Show full support for 1,000 TJX jobs at public hearing

A proposal by TJX Companies Inc. to build a massive distribution center in Lordstown has taken the Mahoning Valley on a herky-jerky roller-coaster ride ever since its initial public announcement three months ago.

The parent company of retail giants TJ Maxx, Marshalls and HomeGoods lifted the spirits of most village and Valley residents when unveiling its plans to build a 1.2 million-square-foot distribution center to service approximately 300 retail stores and eventually employ 1,000 people on several parcels of land in the village.

The news was particularly uplifting as it came in the shadow of a General Motors Co. announcement that it would mothball its second shift at its Lordstown assembly plant and take about 1,500 good-paying manufacturing jobs with it.

Soon thereafter, however, a small but well-organized group of Lordstown residents that opposes rezoning the residential property to industrial use endangered TJX’s plans. Prospects for the project’s realization quickly plunged.

Those prospects plummeted to their lowest level April 20 when TJX announced it was pulling its Lordstown zoning request and considering other sites.


But just when all hope appeared lost, a communitywide movement galvanized to show TJX the vast majority of the Valley welcomed the project. That movement hit its height April 29 when more than 600 local residents gathered at Lordstown High School for a quickly organized rally designed to shout out to the company that Mahoning Valley residents, leaders, businesses and organizations overwhelmingly want the project here.

TJX listened. Indeed the company cited that impromptu rally as a major reason for changing its mind about abandoning Lordstown. Since then, optimism and support for the project have heightened.

Most recently, the Ohio General Assembly stood up to be counted by taking action last week to expedite the TJX project. We congratulate state Sen. Sean O-Brien of Bazetta, D-32nd, and other members of the Mahoning Valley House and Senate delegations for adding an amendment to House Bill 292 that gives Lordstown Village and the Trumbull County Board of Elections authority to hold a special referendum vote in August – rather than waiting until November – if residents opposing the project choose to challenge the zone change with a vote by all eligible voters in Lordstown.

The amendment that promotes timely economic development in Lordstown or anywhere in the state while still protecting citizens’ right to referendum clearly strikes a fair balance.

While we continue to discourage such a referendum, it could happen only after a formal vote by Village Council to give final approval to the needed zone change.


The first of three required votes on that change looms large Saturday.

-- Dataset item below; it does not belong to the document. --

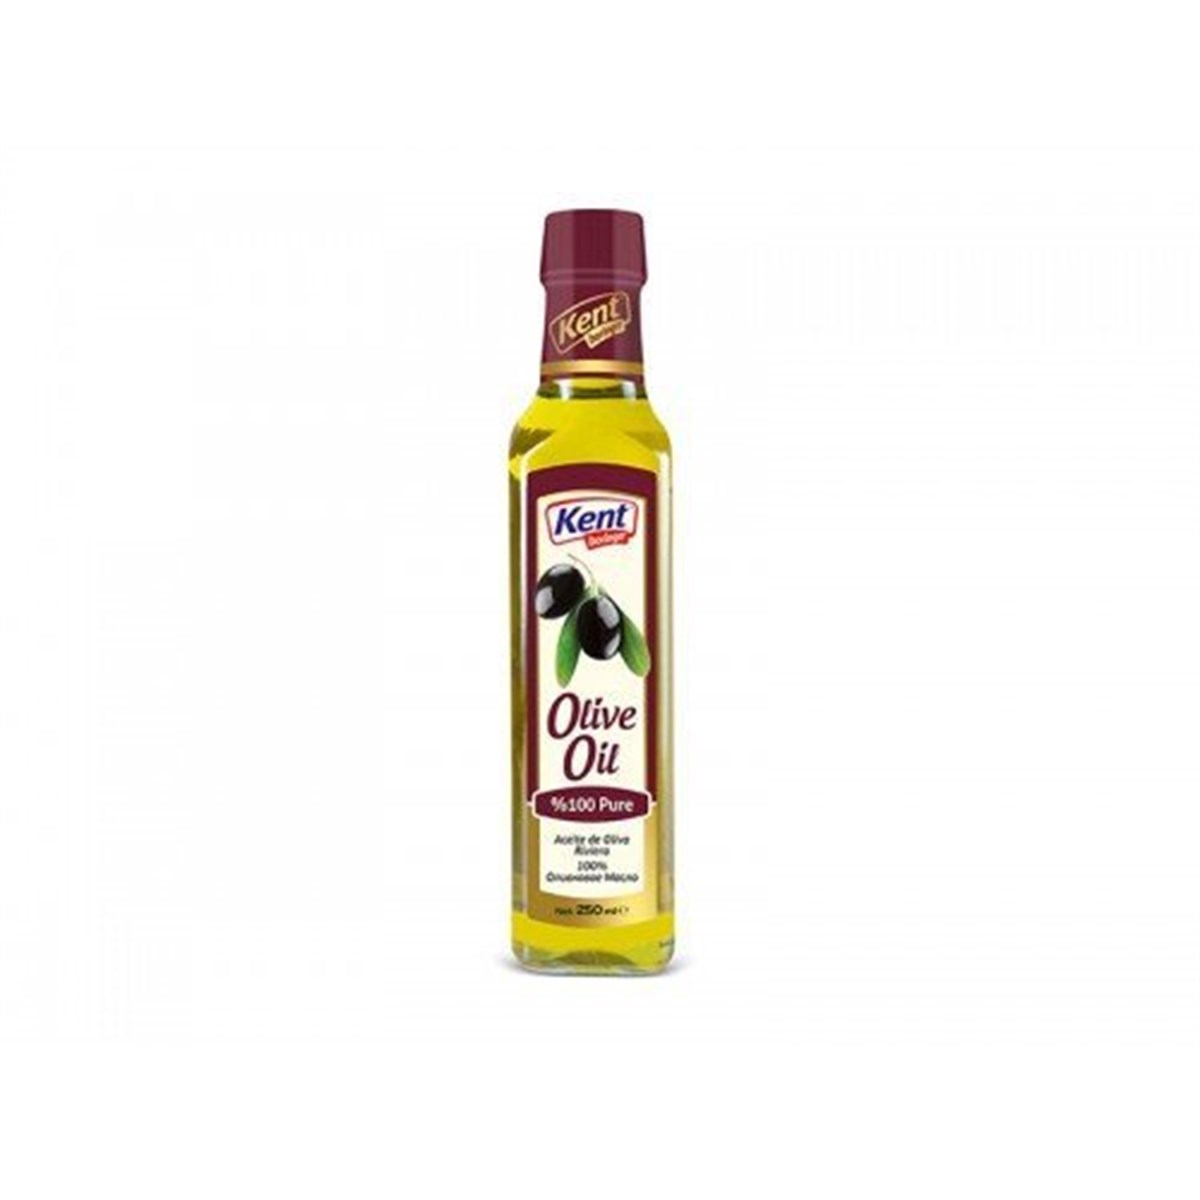 Тесто на оливковом масле. Kent Boringer Extra Virgin оливковое масло 250 мл. Оливковое масло Olive Oil Kent Boringer 250мл. Kent Boringer Pomace оливковое масло 250 мл. ОЛИВКОВОЕ МАСЛО - KENT %100 PURE 500 ML.
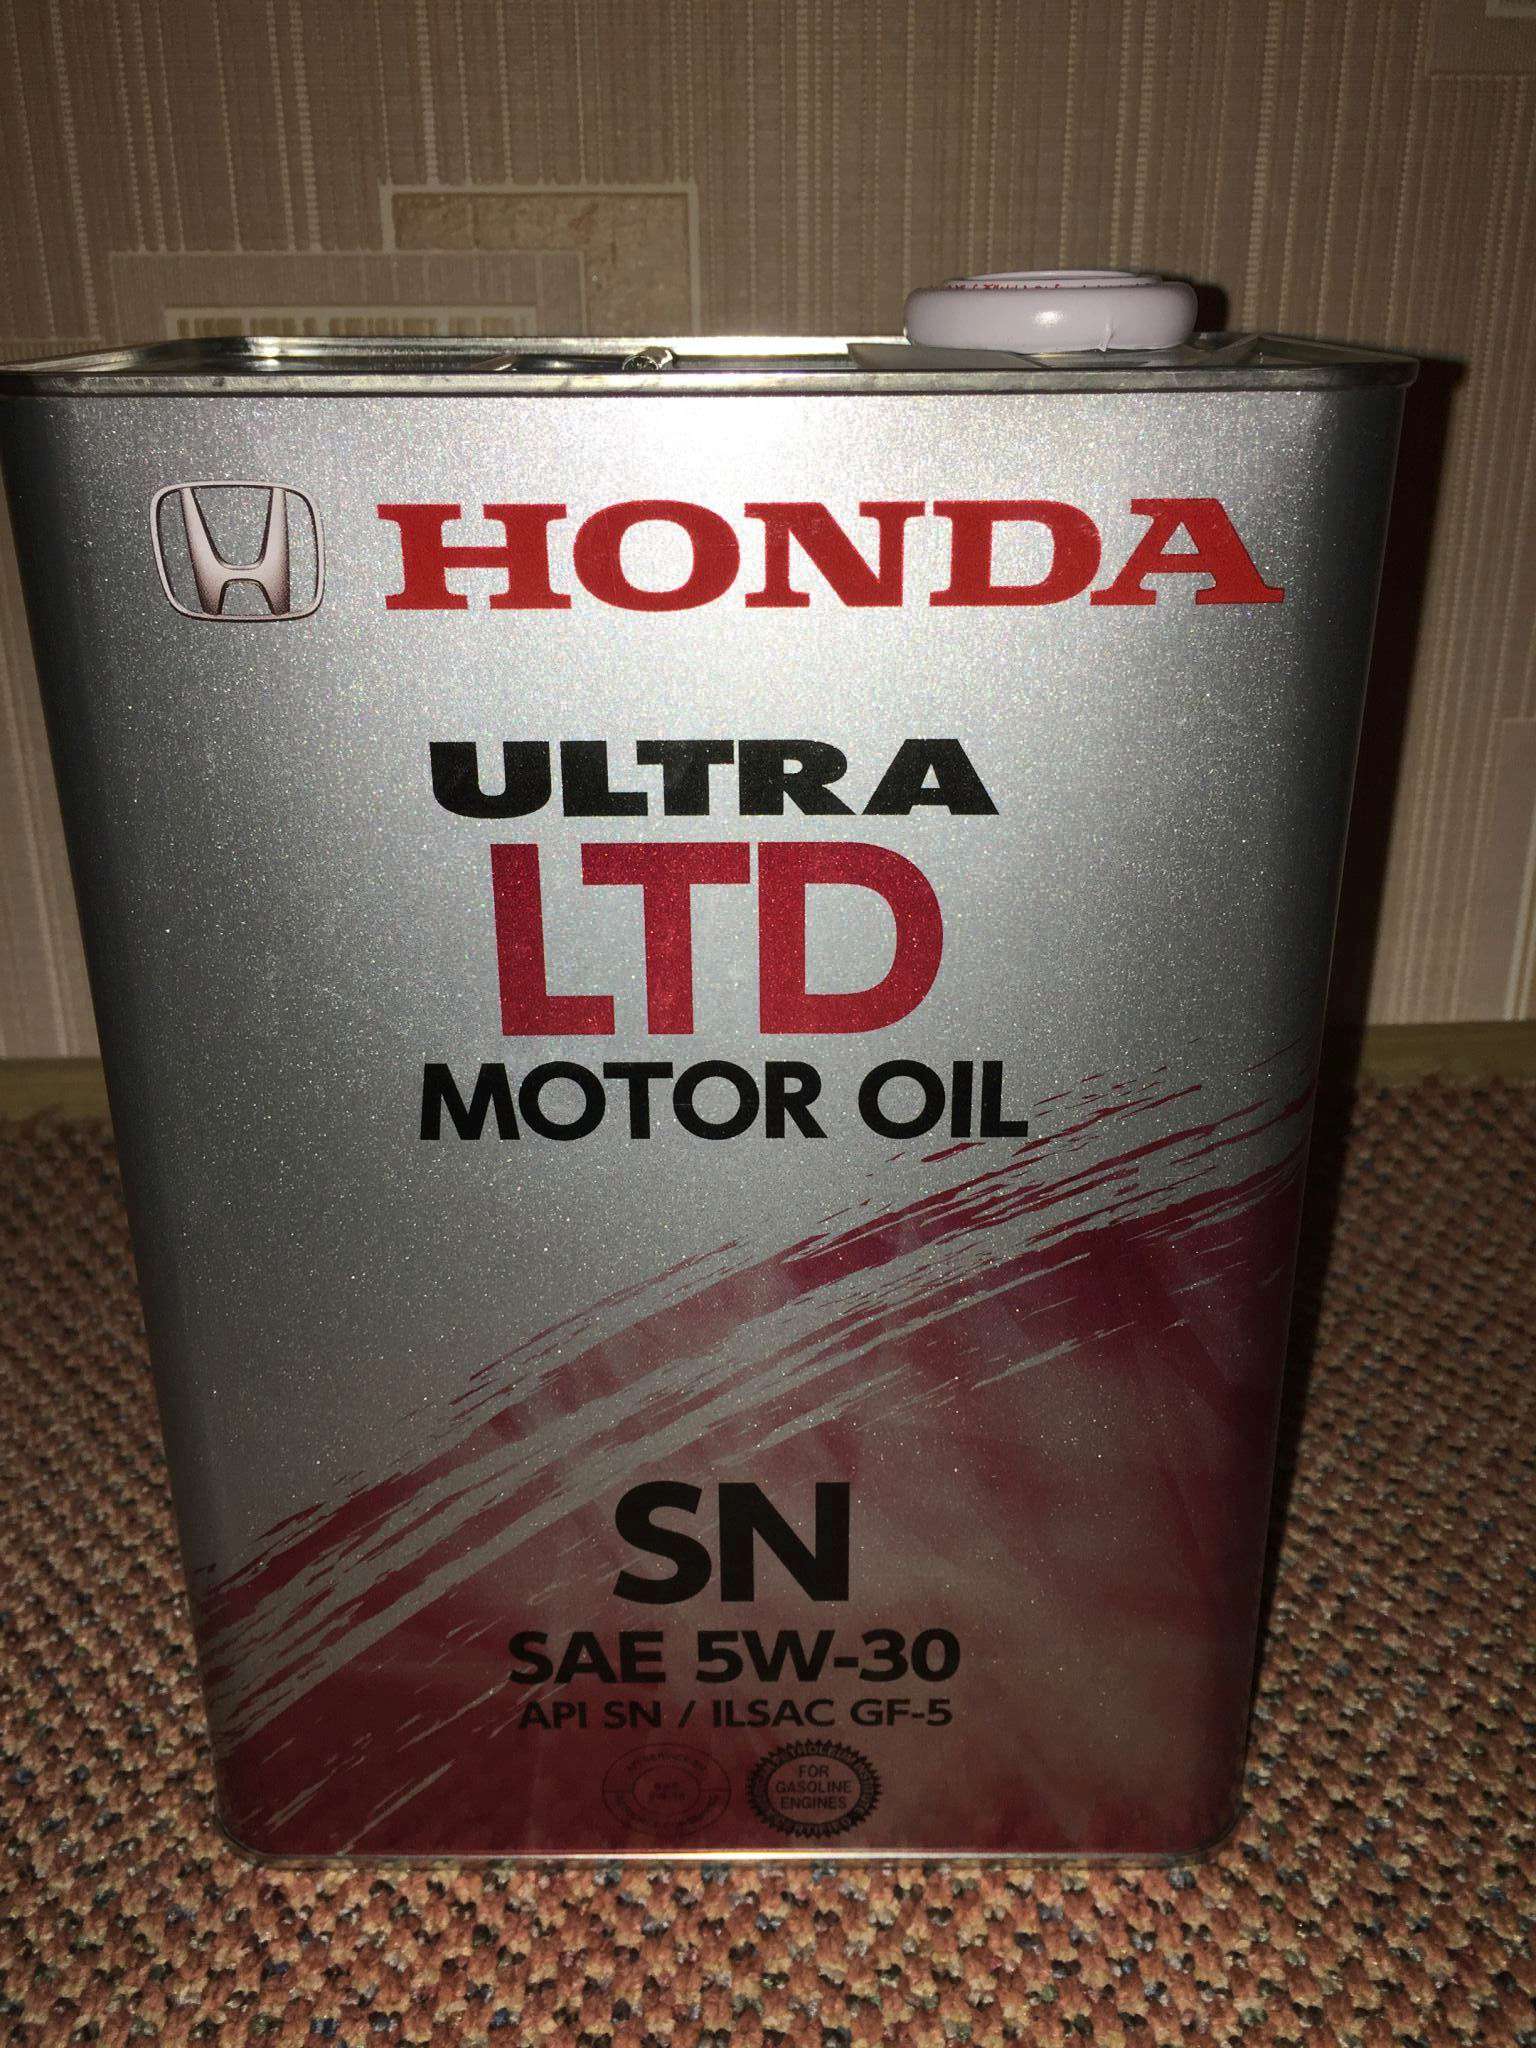 Мотор масло honda. 4л. Honda SN 5w30. Honda Ultra Ltd 5w30 SN. Honda Ultra Leo 5w30 SN 4 Л. Хонда ультра Лтд 5w30.

Immediately before that vote, however, a public hearing is planned at 11 a.m. tomorrow at Lordstown Village Hall on Salt Springs Road.

We encourage supporters of the distribution center and its 1,000 jobs to show up en masse at the hall to leave no doubt in any council member’s mind that the village in particular and the Valley in general must not snub its nose at the potential for promising economic development from a thriving Fortune 500 company.

And even though we remain sensitive to the anxiety of residents over having a huge distribution center in their backyards, we continue to hope they take a broader view, work with the company that has made several accommodations to them and abandon any and all plans for a referendum.

After all, opportunities of massive commercial investment and large-scale job creation pass our way none too frequently. Indeed Mahoning, Trumbull and Columbiana counties have lost nearly 40,000 jobs over the past decade, according to data from the Ohio Department of Job and Family Services.

Telling TJX, a multinational company with 50,000 more employees than GM, not to build in our backyard not only would derail this promising project, but it would also send a clear message to other would-be job-creating investors that the Mahoning Valley is no welcoming venue to bring any potential new business.

That’s clearly the wrong message for our community to project. That’s also why it remains critical that the TJX Inc. distribution center remain sturdily on track for a potential groundbreaking in Lordstown later this year.

The next step toward that desired end is a strong show of support at Saturday morning’s public hearing in Lordstown.